As done for the time-invariant all-subjects synergies, averaged across all subjects for each cluster to get the cluster centroids, we calculated an averaged estimation of the time-varying all-subjects synergistic activation coefficients across subjects. This was done by segmenting the reconstructed activation coefficients of each subject by the onset and offset of each of the 10 repetitions of each task, obtained by with simple thresholding of the kinematics data. Then, the 10 repetition segments for each participant, each task and each synergy, were resampled by the mean number of samples of the onset-offset intervals for that task across the 10 subjects. By doing so, instead of resampling all the segments of every task for the same fixed number of samples, we obtained a different time support for each task proportional to the duration of that task.

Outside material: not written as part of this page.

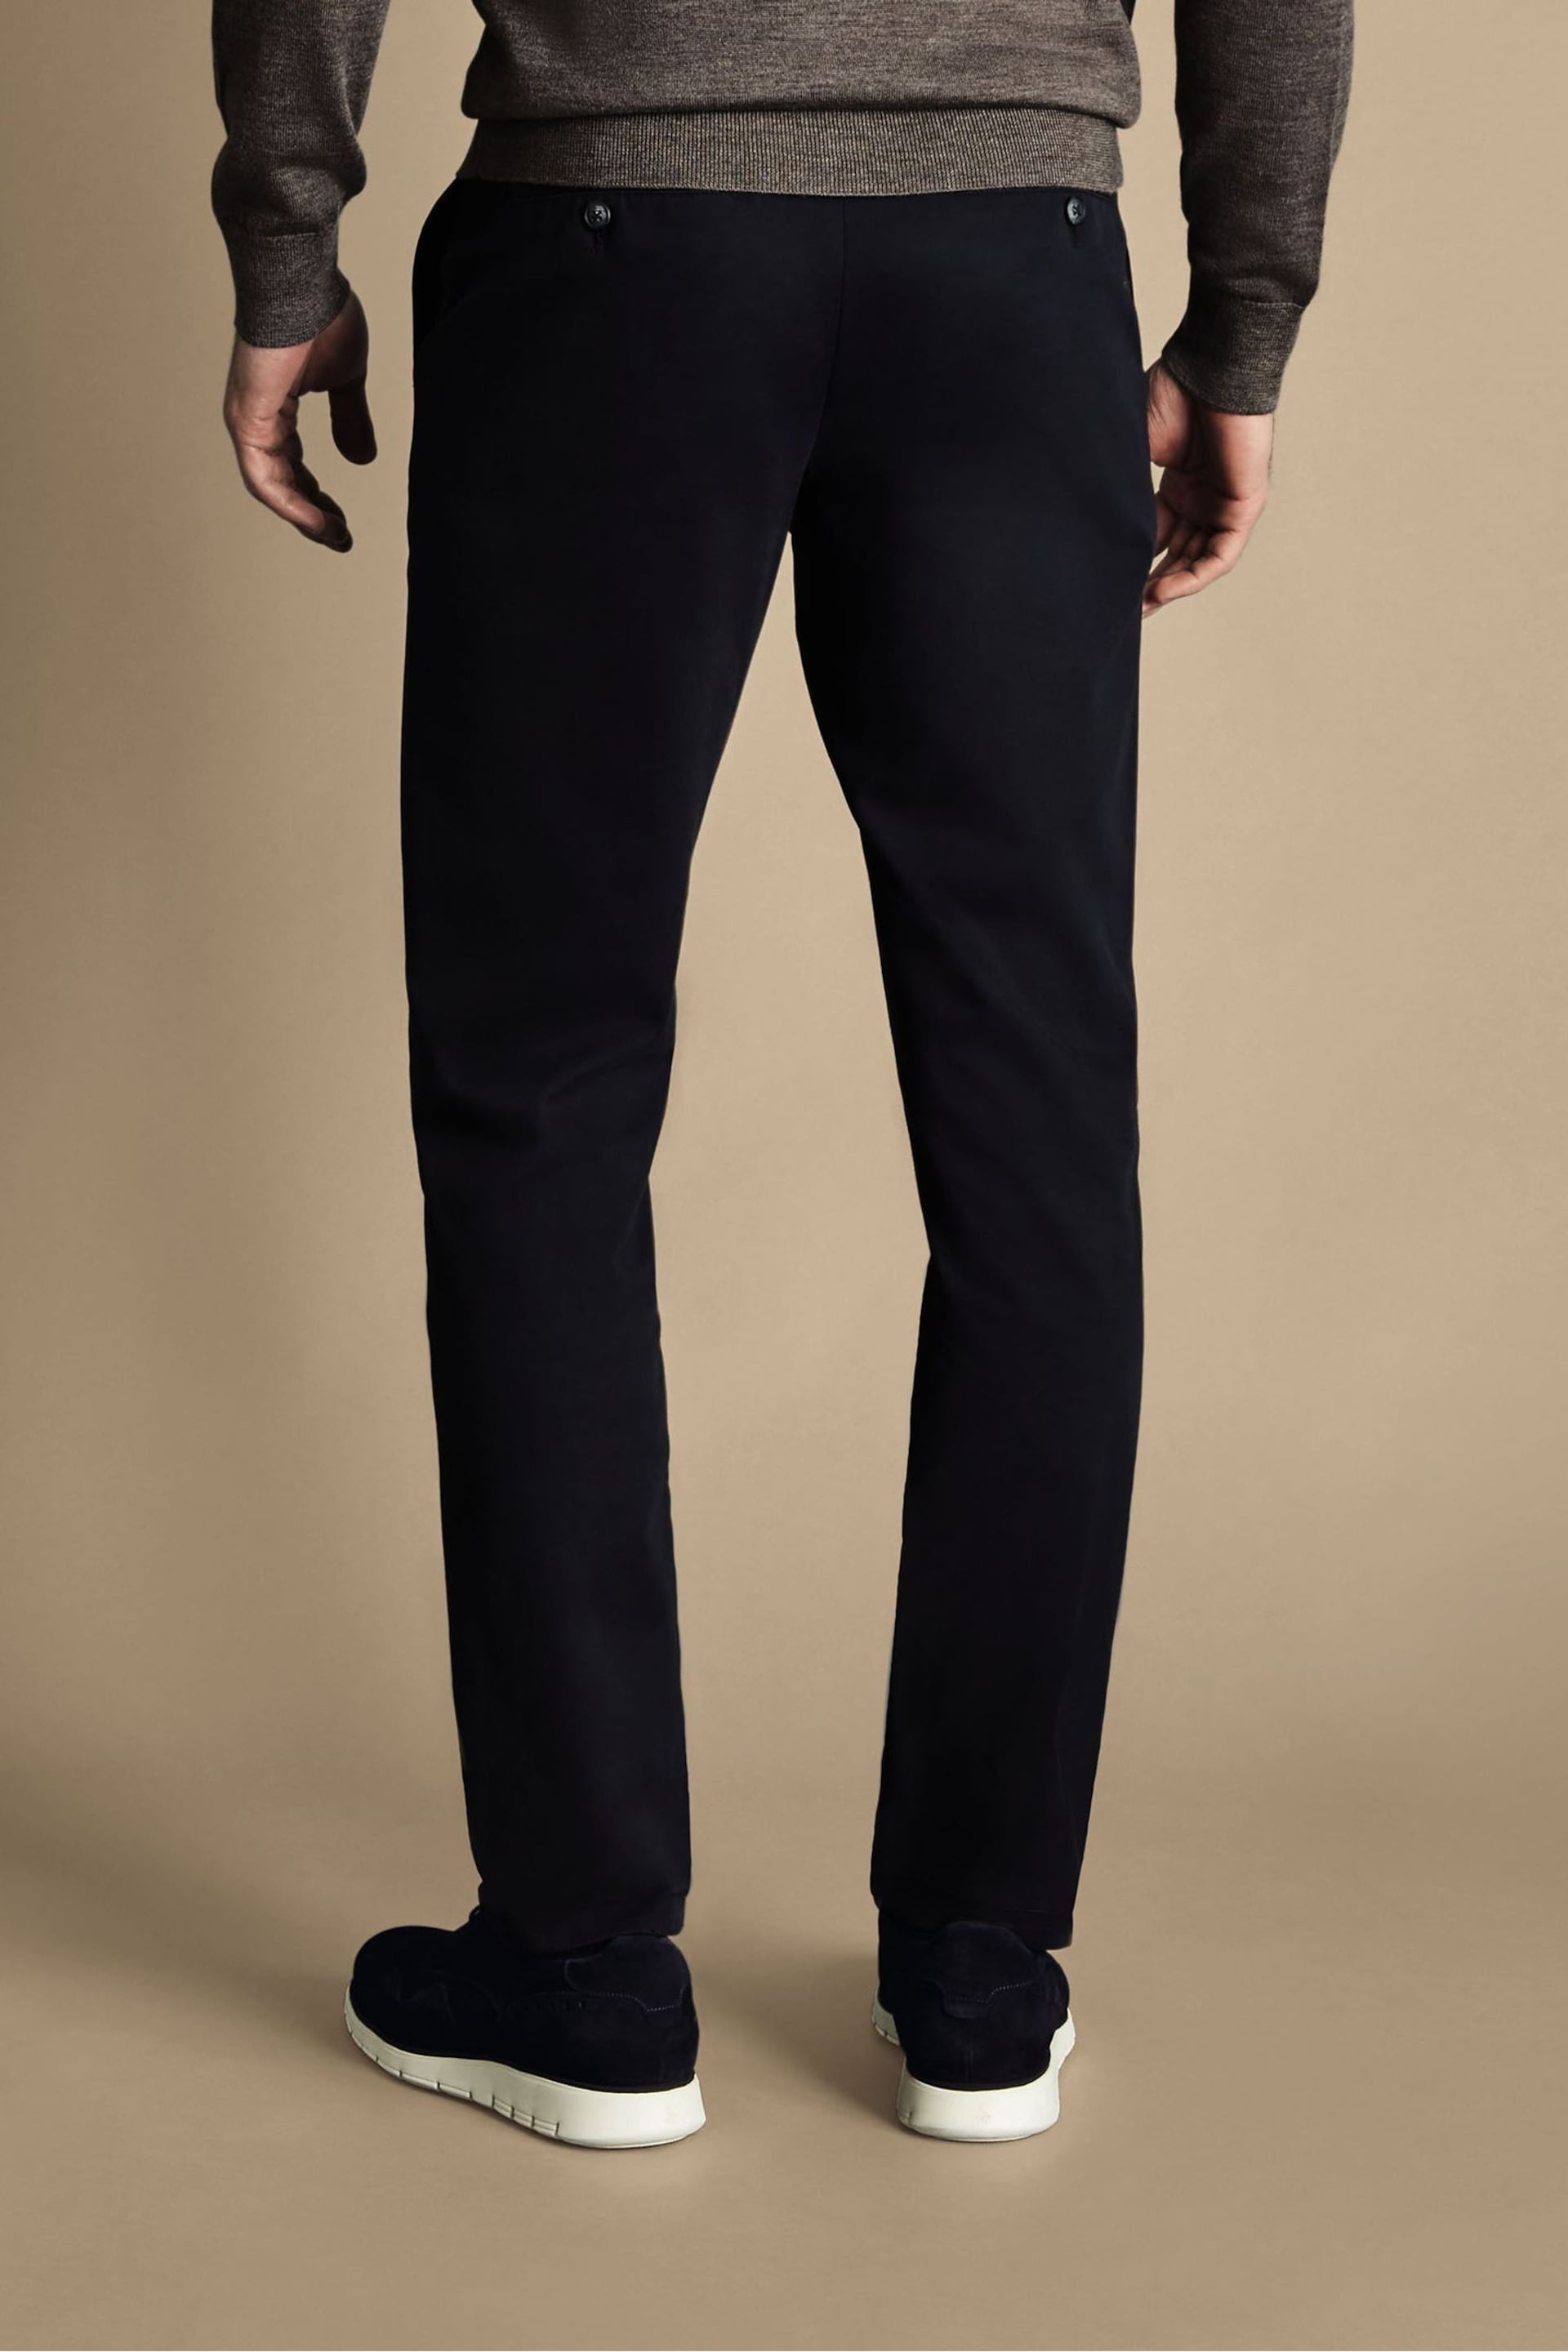 Charles Tyrwhitt Dark black Classic Fit Ultimate non-iron Chino Trousers - Image 2 of 5

Finally, we computed the cross-correlation between the new all-subjects synergistic activation coefficients for muscles versus postures. To do so, we computed the cross-correlation between all-subjects muscle and hand postural synergistic activation coefficients, separately for arm and forearm muscle synergies, for all the possible pairings of synergies for each task. Then, the mean across tasks of cross-correlation peak value was taken to form the most correlating pairings between all-subjects synergies in descending order, like done for subject-specific synergies, described in section 2.7.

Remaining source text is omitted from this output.